NAPOLI – Come e cosa comunicare con il corpo, oggi, in un mondo ossessivamente sovraesposto alla comunicazione? Chiara Orefice è seduta a una scrivania e disegna su dei fogli di carta, che poi piega taglia, spezza, ridisegna, ricolora. I pezzetti di carta vengono incollati sugli occhi, sulla bocca e lei, così bendata, “guarda” il pubblico. E finalmente il pubblico vede: i pezzetti di carta trasformano il suo viso in un emoticon. Piange a fontana, ride, manda baci, tutto secondo il linguaggio immobile delle faccine. Si maschera, celandosi dietro uno schema di comunicazione che la vera comunicazione impedisce. In un’unica azione la danzatrice riesce a porre la domanda, rispondere, affondare il coltello. Comincia così “Appunti per un incendio”, il lavoro che Chiara Orefice, danzatrice e coreografa, ha portato a “Quello che non ho detto”, rassegna curata da Gennaro Cimmino  per la Sala Assoli, un progetto nato dal desiderio di indagare l’età di mezzo, tra la gioventù e l’età adulta. Per questa ragione il curatore ha chiamato artisti diversi tra loro, ma accomunati, per dirla con le sue parole, dalla “voglia di sconfinamento”, da un’esigenza di connessione tra le varie arti.

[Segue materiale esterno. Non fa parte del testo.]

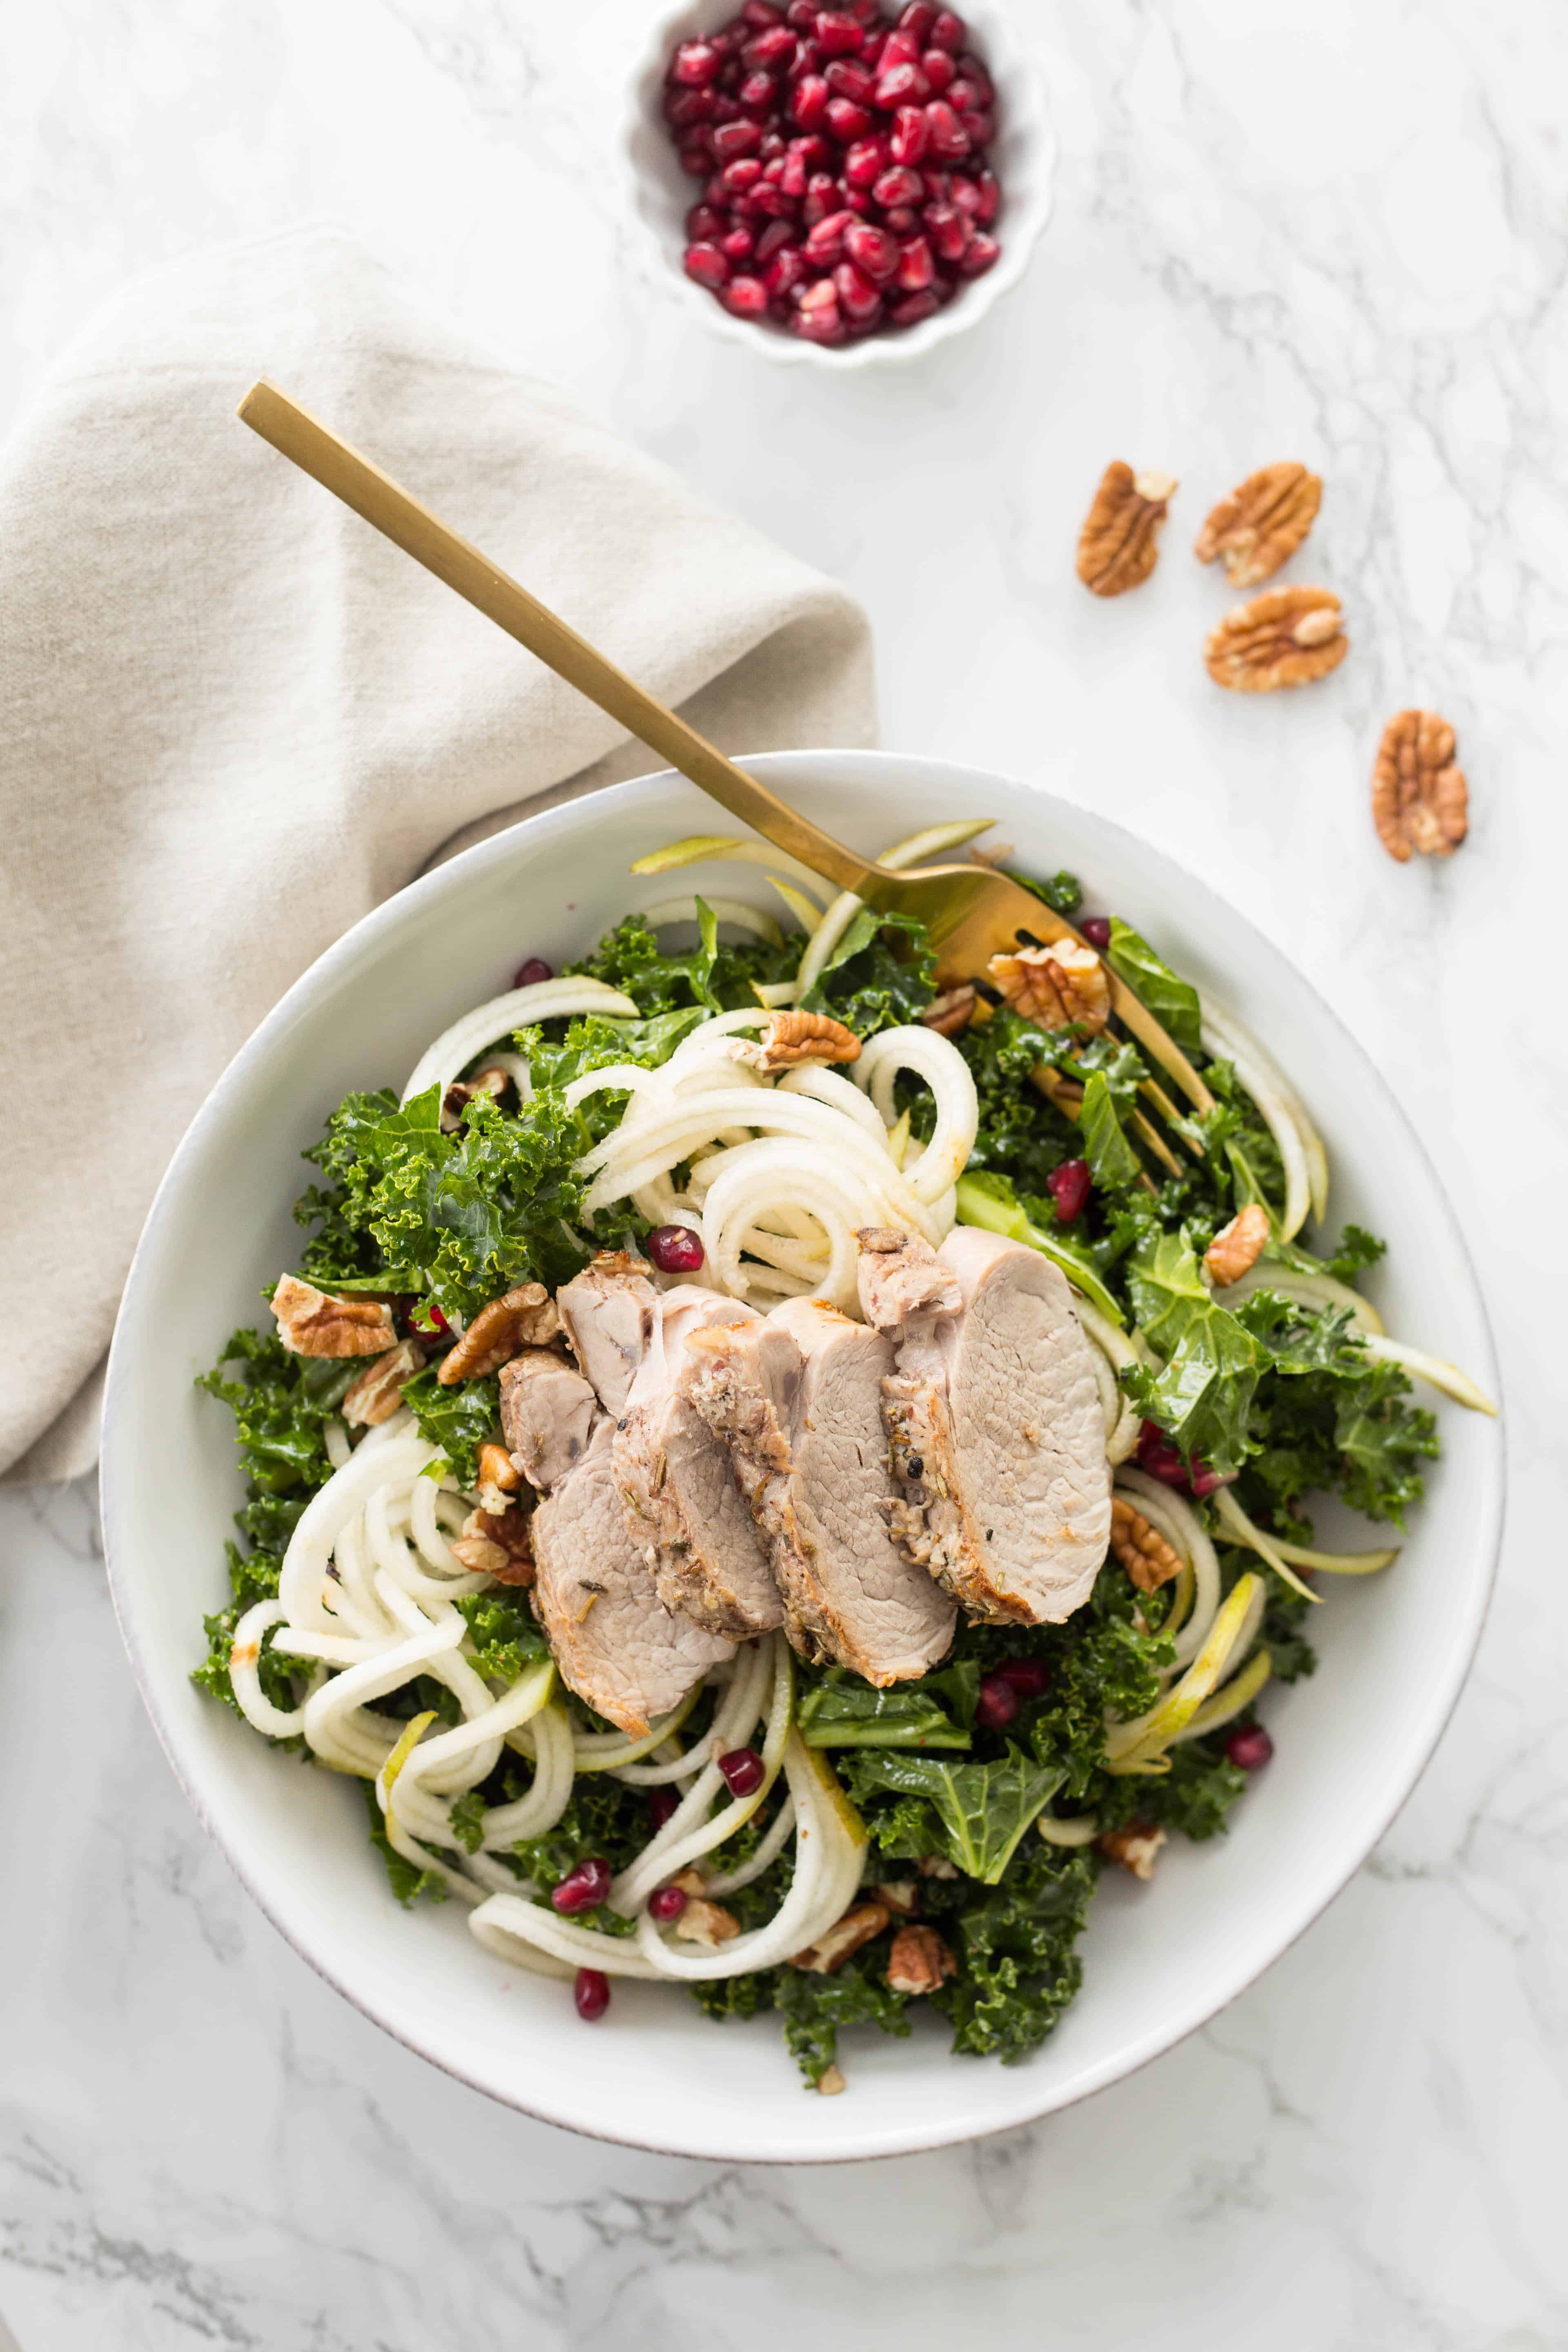 Pear Noodle, Pomegranate and Kale Salad with Roasted Pork Tenderloin

“Appunti per un incendio” risponde senza dubbio a questo requisito. Si tratta di un accurato lavoro di ricerca sul corpo e sulle possibilità di intersezione tra l’ espressione del sé e il trasformarsi in risposta e/o specchio agli stimoli esterni, a loro volta disarticolati, spezzati, trasfigurati. Ne risulta un racconto frammentato, anzi un insieme di frammenti di racconto, che trasmette una lettura inquieta e inquietante del mondo. I tentativi di comunicazione sembrano fallimentari, il soggetto, più che esprimersi, si trasforma di volta in volta a seconda del frammento di realtà in cui si imbatte. Quando il suono rimanda i rumori di una guerriglia, se non di una guerra, la realtà si fa violenta e la danzatrice si fa altro da sé. Si trasforma anche in paesaggio, attraverso un’interazione con i video, proiettati alle sue spalle, su di lei, con lei come elemento dell’immagine. E anche la voce, il canto, è frammentato, come il movimento del corpo e la realtà che racconta.  Imprigionata, e perciò in continua fuga, tra sedia e scrivania  Chiara Orefice trasforma la quotidianità e il gesto quotidiano nella mappa di un mondo interiore conflittuale.

Forse un po’ troppo lunghi i momenti di silenzio, le pause dell’azione che in un lavoro di questo tipo andrebbero usate con maggiore attenzione.